The market-chilling effect of low inventory and higher prices has nonetheless led to warmer feelings towards lenders by auto dealers, says J.D. Power’s newest report. “Dealers really have their pick of lenders to choose from,” says Patrick Roosenberg, director of automotive finance intelligence at J.D. Power, in an interview with Canadian auto dealer on Thursday. “With these low numbers of transactions, lenders are really going to have to step up and prove to dealers why they deserve the lion’s share of their financing business.”
This decrease in transactions has led to higher rates of dealer satisfaction, according to the survey released on Thursday, likely due to the fact that being less busy gives lenders more time for customer service. Says Roosenberg, “This rising rate, inflationary environment isn’t great for the consumer, but this does give dealers more competition for those deals that are happening. Lenders are going to give the highest level of service possible to dealers to capture that business.”

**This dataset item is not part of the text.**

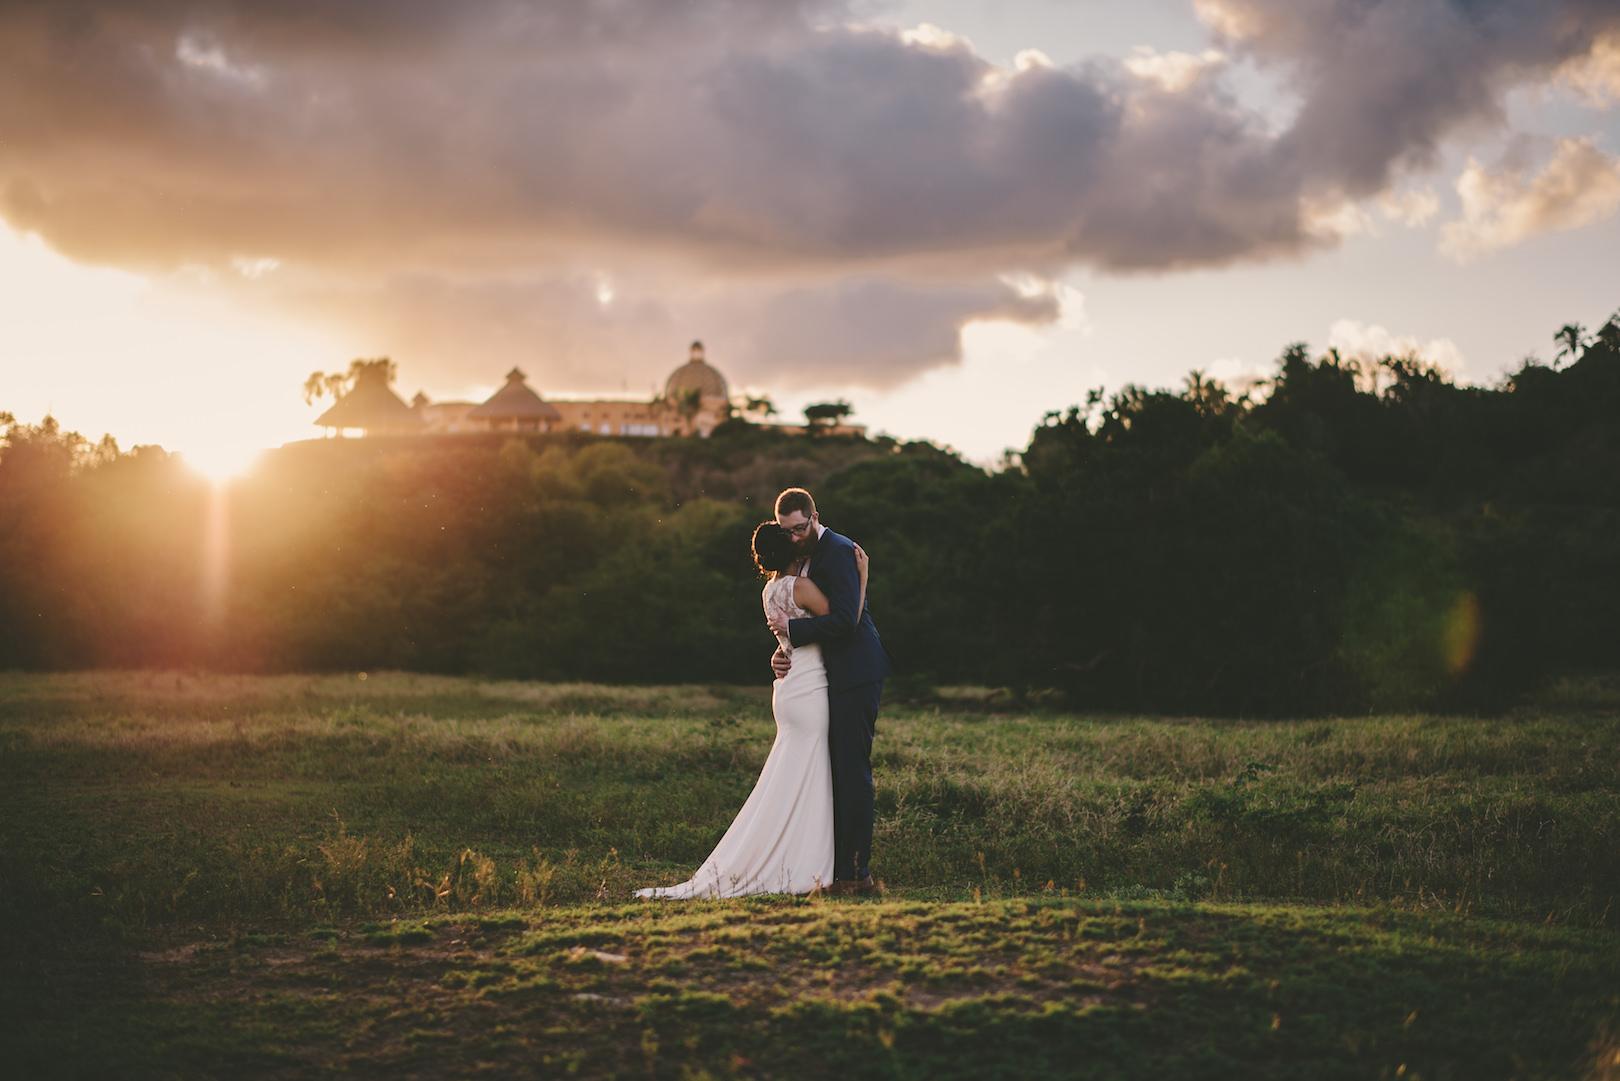 Nathan & Felicia - Wedding Day - © Dallas Kolotylo Photography - 535

According to the study, “Dealers are looking for a seamless, speedy interaction with a lender, and lenders need to be laser-focused on satisfying that need—especially when the volume of transactions is reduced.” Even with increased automation in the approval and funding processes, lenders must find a way to differentiate themselves from other lenders, whether it’s system-related or actions taken by funding, retail credit or sales reps.
On-site visits are also becoming increasingly unnecessary for lenders to build relationships. The study shows that just four per cent of dealers say on-site visits are their preferred method of contact with their sales rep and may not lead to additional opportunities. Says Roosenberg, “With dealer preference shifting towards phone, email and text interactions—and away from onsite visits—sales reps need to know which channel a dealer prefers to be more effective in a hyper-competitive market. In other words, the right message through the right channel at the right time.”